The vertical rules a-e and b-f shown in FIG. 4 will be written in the image data store area A as follows:

First, to draw a thin vertical rule from the point a to e in the area A, the solid line pattern data between the points i and j is moved from the subarea L5 of the vertical line data store area C shown in FIGS. 1 and 3 to the extension between the points a and e as shown in FIG. 4. Concerning the vertical rules, four different kinds of vertical line patterns are stored in one byte in the area C as described and, in addition, the bit position in one word to draw a rule differs from one bit to another. For this reason, bit-masking is required in drawing a vertical rule so that the bit position in the subarea L5 may be shifted to the desired position to write only that bit in the pixel image memory with the other bits prevented from being done so.

Likewise, a thin solid line extending from the point b to the point f in the image data memory area A may be written as a vertical rule by moving the rule data between the points i and j in the subarea L5 of the area C to the extension between the points b and f in the area A as shown in FIG. 4. Again, the dot position of the point i in the subarea L5 in the vertical direction is assumed to be in alignment with the points a and b in the area A, and the dot position of the point j in alignment with the points e and f.

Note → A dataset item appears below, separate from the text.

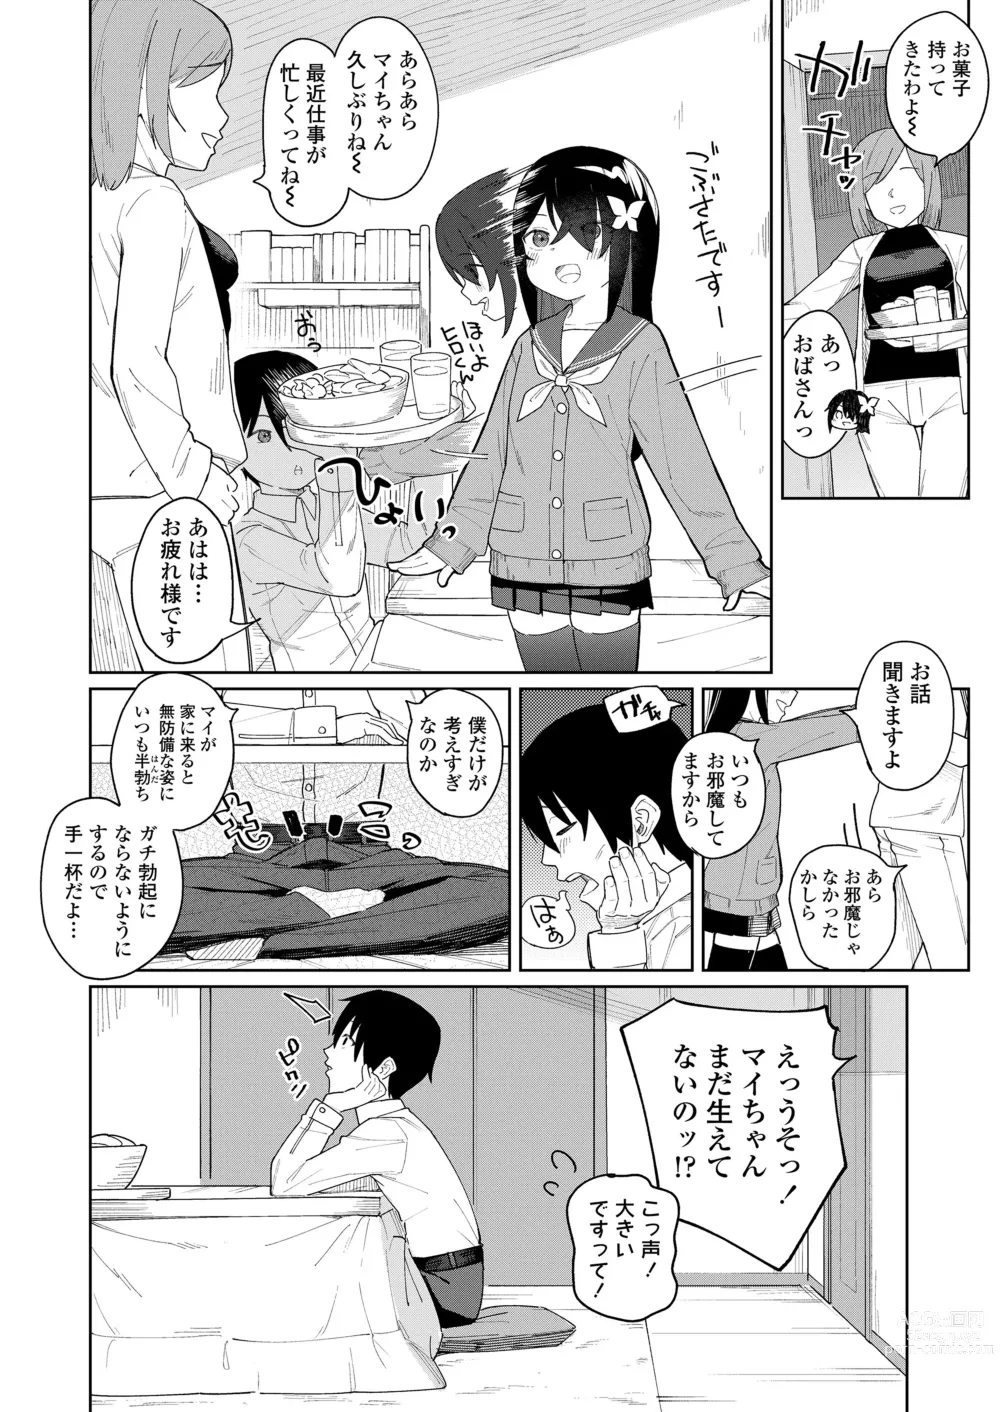 Page 70 of manga Koakuma-tachi ga Yattekita!

As described above, the device of the present invention allows one to write any desired kind of rule data easily and rapidly into a pixel image memory merely by selecting one of the basic rule data stored in the subareas L5 -L8 of the C which is associated with the desired pattern, then specifying two vertically aligned points, and then moving the selected basic rule data to the extension between the two points. As to the basic patterns representative of vertical rules, where one byte accommodates dot patterns representative of four different kinds of rules, two bits can be allocated to each kind of dot pattern and, therefore, it is possible to store even the data representative of a thick solid line and a thick dotted line. In that case, a thin solid or dotted line will be drawn by moving only one of the paired two bits, and a thick solid line or the like by moving the paired two bits together.

Referring to FIG. 5, a data processing device embodying the present invention is shown in a functional block diagram. The device, generally 10, includes a micro-CPU made up of a pixel image memory 12, a rule pattern memory 14, a display 16, a parallel-to-serial (P/S) converter 18, a CRT controller 20, a multiplexer 22, a mask register 24, an operation unit 26a, a source register 26b, a destination register 26c, a counter 26d, a first register 26e, a second register 26f, and a shift register 26g. The device 10 also includes a cursor address register 28, a start-of-rule address register 30, an end-of-rule address register 32, and a data bus 34.

In the illustrative embodiment, the rule pattern memory 14 storing various basic patterns representative of vertical and horizontal rules is independent of the pixel image memory 12 and adapted to store such rule pattern data as those shown in FIGS. 2 and 3. However, as mentioned earlier with reference to FIGS. 1-4, the memory 14 may be implemented by a part of unused areas of the pixel image memory 12. The source register 26b is adapted to store the start address (g, i or k in FIG. 4) of any of the rules which are stored in the data store areas (B of FIG. 2 or C of FIG. 3) of the rule pattern memory 14. The destination register 26c serves to store the start address of any of the rules to be drawn in the pixel image memory 12, i.e. points a, c, or e. The counter 26d functions to count bytes (or words) necessary for writing in accordance with a length of a vertical or horizontal rule.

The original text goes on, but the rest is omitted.